One answer to that question, of course, is that it depends on what the group is fighting for.

I am not a nature buff, and although I am quite sentimental about the places I grew up in, I felt no connection to Bukit Brown.

In fact, when the first stories were written about the controversy, I - like a lot of people - had to ask where this cemetery was.

I mean, of course I had always known about the burial plots in the Thomson area which would receive a steady stream of visitors during the Qing Ming festival, but I never knew the cemetery's name or knew that so many of the country's pioneers were laid to rest there.

I might have been more passionate about saving the Van Kleef Aquarium, one of my absolute favourite places to visit as a kid, which was demolished some time in 1998.

That is, however, quite beside the point.

The question is - assuming that there was one day a cause that I felt passionately about - would I step forward to try and lobby for a change?

My answer to that, post-Bukit Brown, is probably yes.

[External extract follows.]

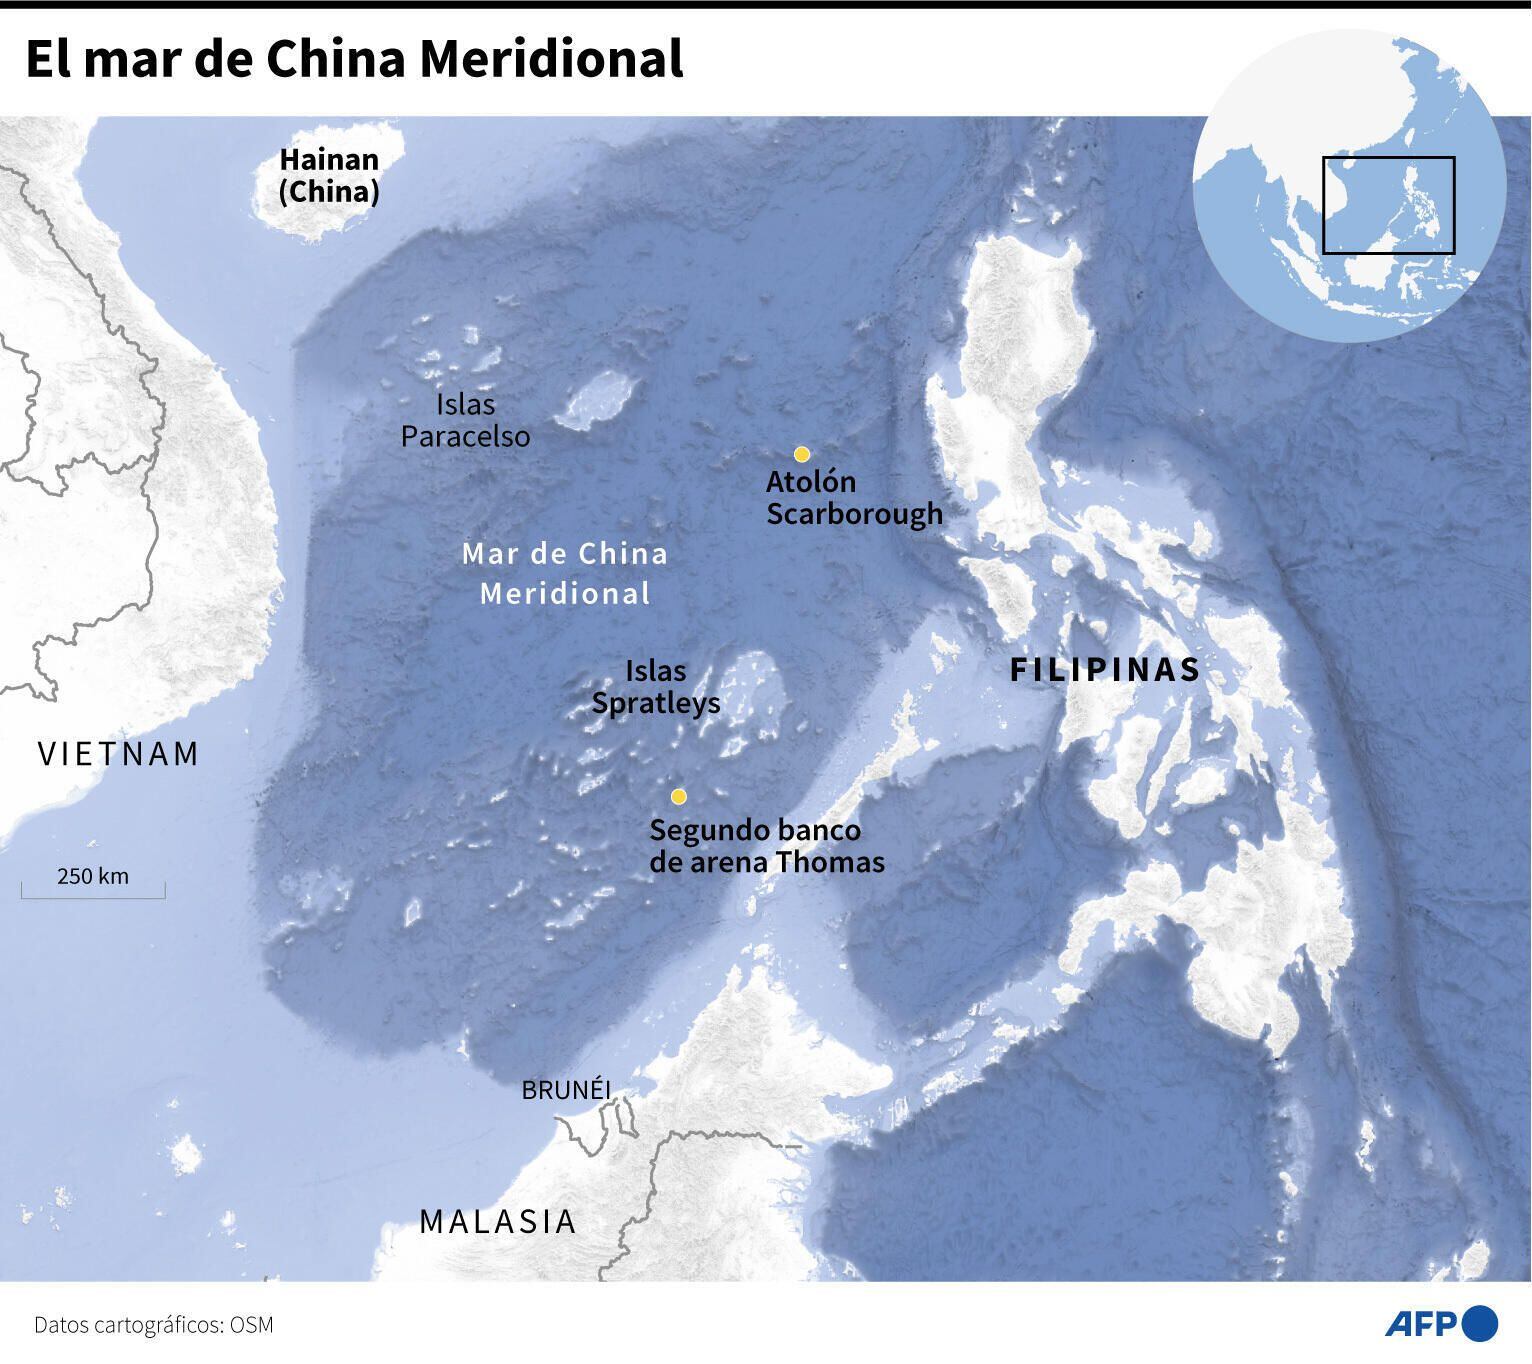 Filipinas, Bruneí, Taiwán, Vietnám, Malasia y China reclaman soberanía sobre el mar de China Meridional. Foto: Sophie Ramis y Valentin Rakovsky/AFP

And this is why I disagree with people - both within Government and civil society - who might think that the protracted attempt to engage interest groups on the issue was ultimately a big waste of everyone's time.

It was not a waste of time for two reasons. The first has to do with the outcome and the other with the process.

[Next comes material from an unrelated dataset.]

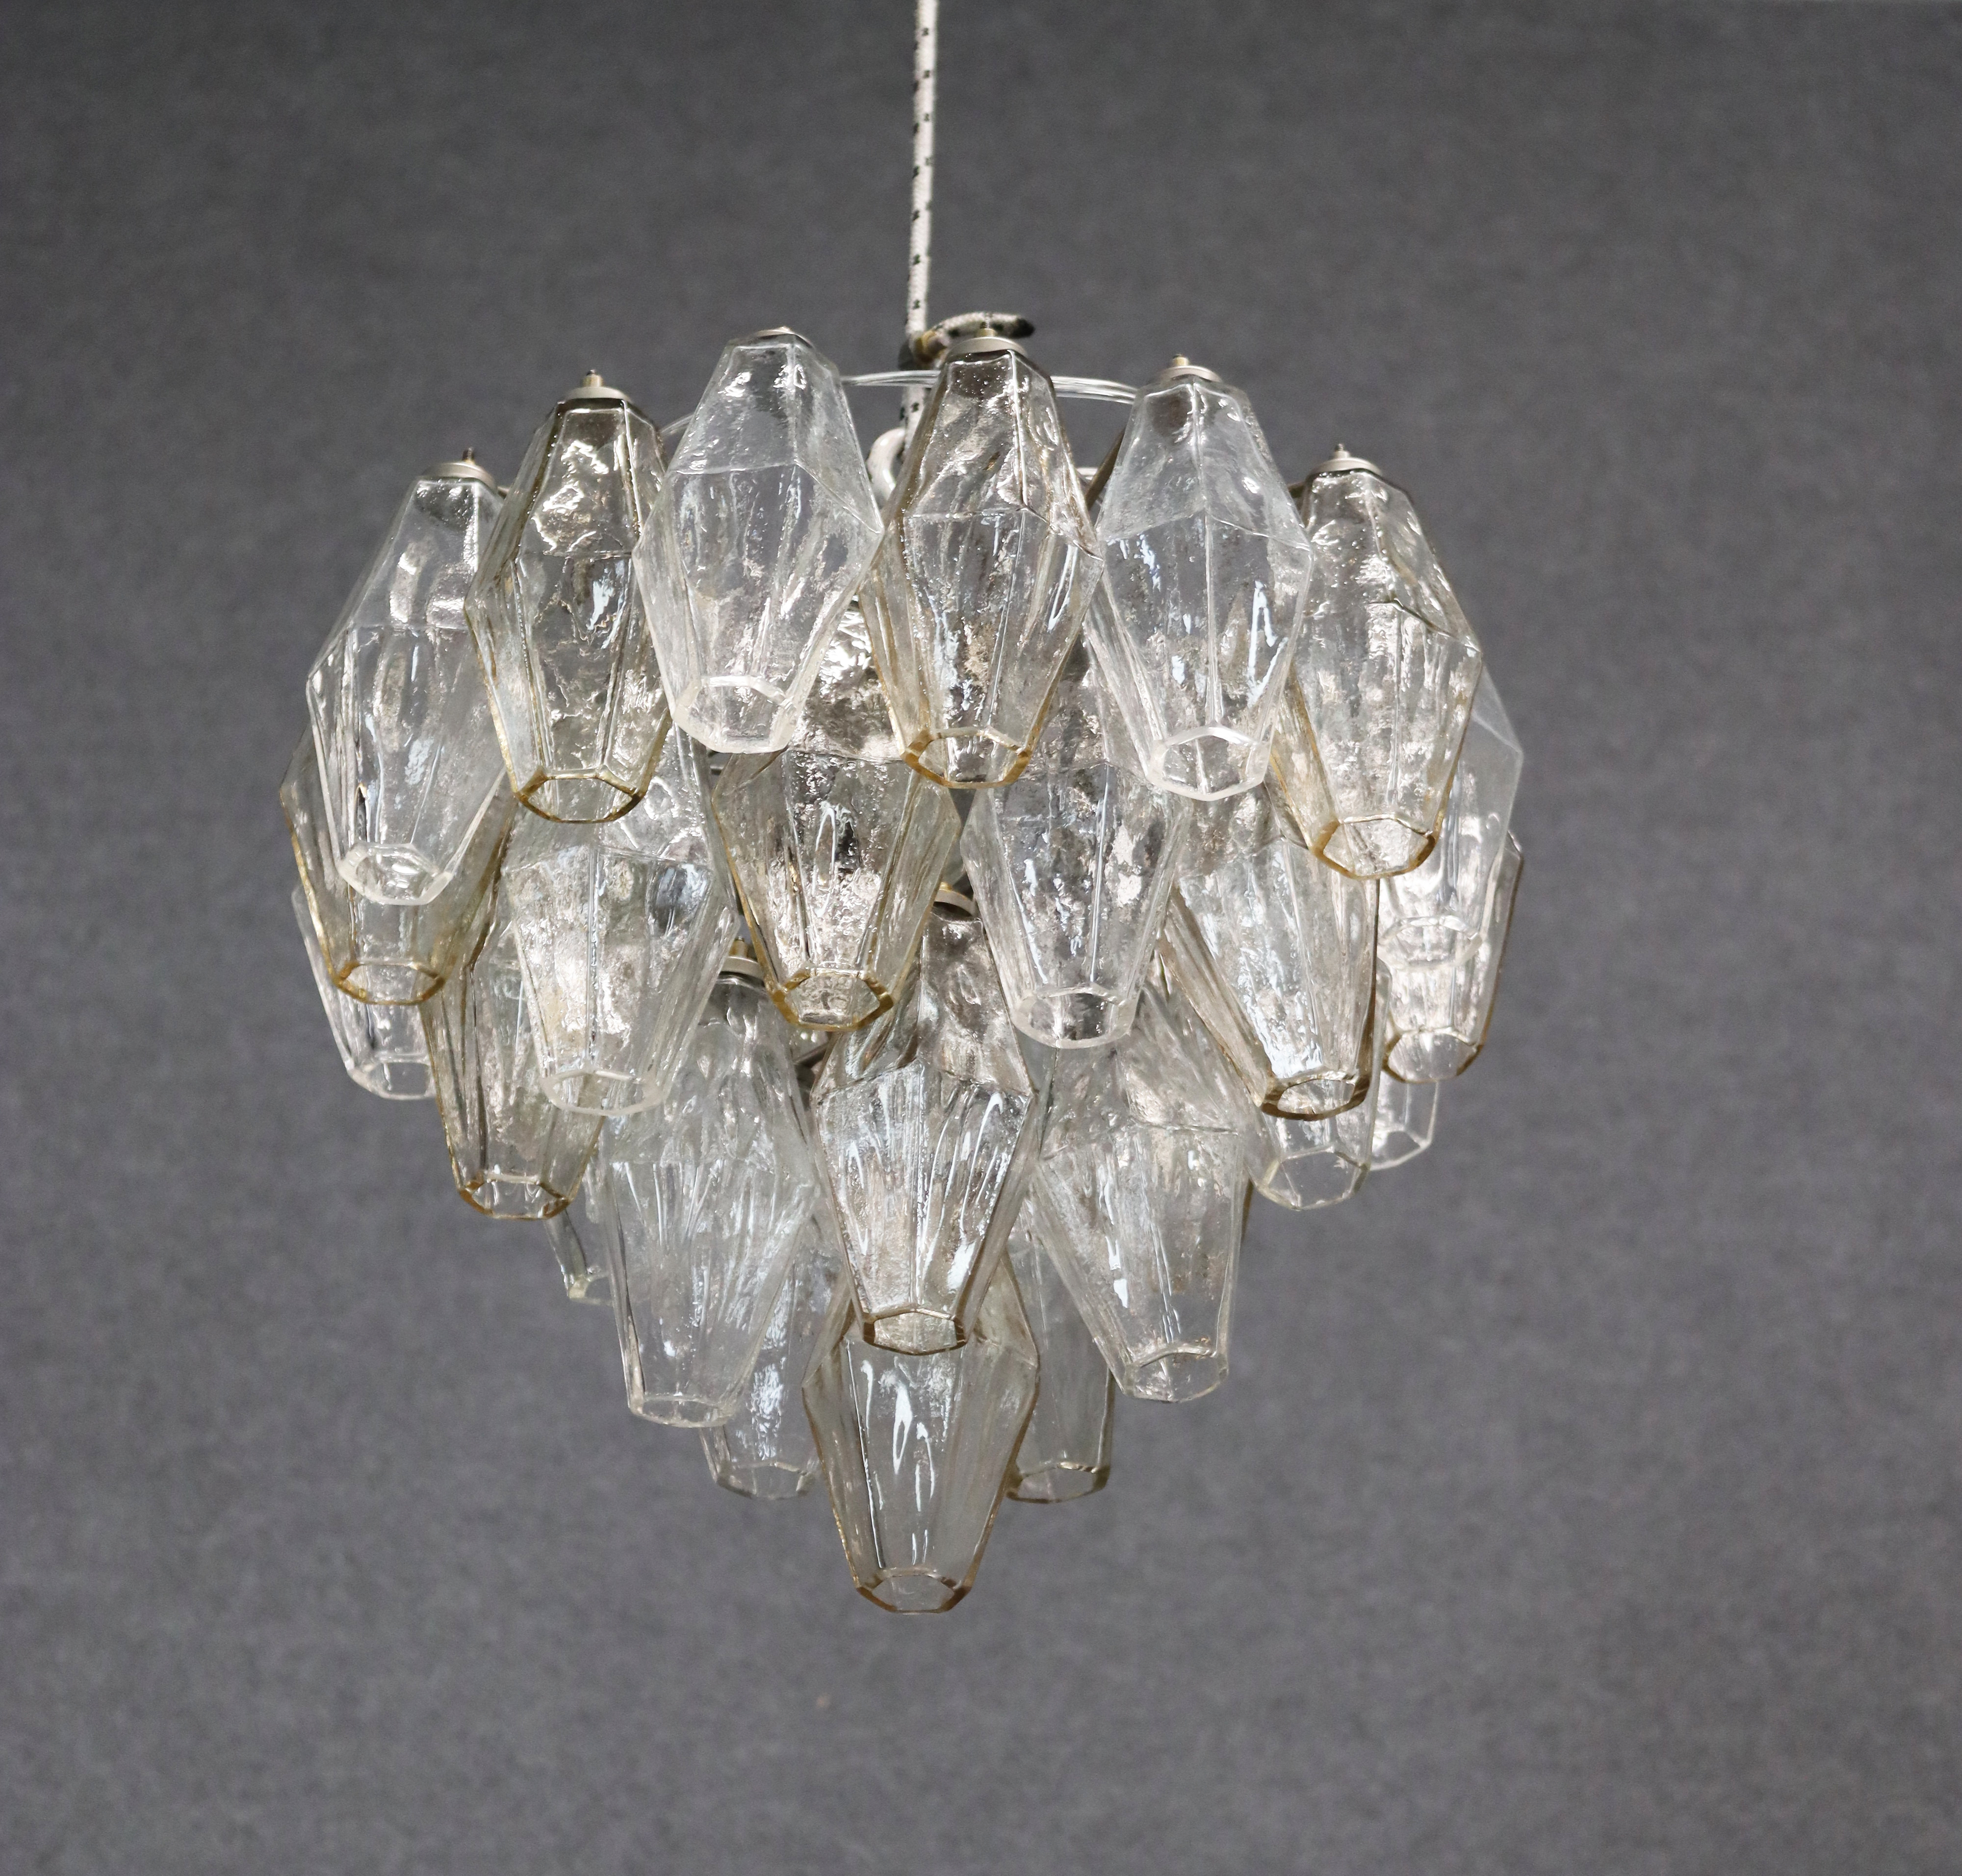 CARLO SCARPA for VENINI. Poliedri chandelier - Image 2 of 3

In the disappointment that was expressed over the Government's decision to keep the road, a lot of people missed the fact that the noise and heat generated by interest groups did ultimately make a small difference to the outcome.

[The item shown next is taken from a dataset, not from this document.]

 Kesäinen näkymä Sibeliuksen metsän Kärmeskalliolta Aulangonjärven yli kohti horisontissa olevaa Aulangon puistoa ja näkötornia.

Instead of laying a road flat on the ground through the cemetery, the LTA decided to elevate a 600m stretch up to 10m off the ground.

This apparently costs up to three times as much to construct, but will allow animals and other wildlife access across the road, resulting in less disruption to their natural habitat. Some graves (although not many more) could also be saved.

Okay, it's true this outcome wasn't at all close to what the various interest groups hoped for.

But the takeaway for a more neutral observer like me was that the Government will budge - even if a little - if given a hard enough nudge by ordinary people.

The more important reason, however, as to the Bukit Brown saga wasn't a waste of time goes beyond any tangible outcome.

All my life growing up as a Singaporean, I have felt that, as a people, we excel in many areas but always lack the energy or ability to engage in civil activism.

Perhaps we were schooled by our politicians always to be realistic and pragmatic. For that reason, so many of us have only really been genuinely interested in our education, careers and the well-being of our families.

These days, the world is connected enough - and we are well-travelled enough - for us to feel real angst about this at least occasionally.

We are a smart, stable and efficient people, but do we have a soul? Bukit Brown showed me there is hope for us yet.

Through the months over which the debate unfolded, I was amazed by the number of people who came out to make a stand on the issue.

Many may have had little or no connection to the place, but they understood the dilemma between national development and conserving our heritage, and they came down firmly on the latter's side.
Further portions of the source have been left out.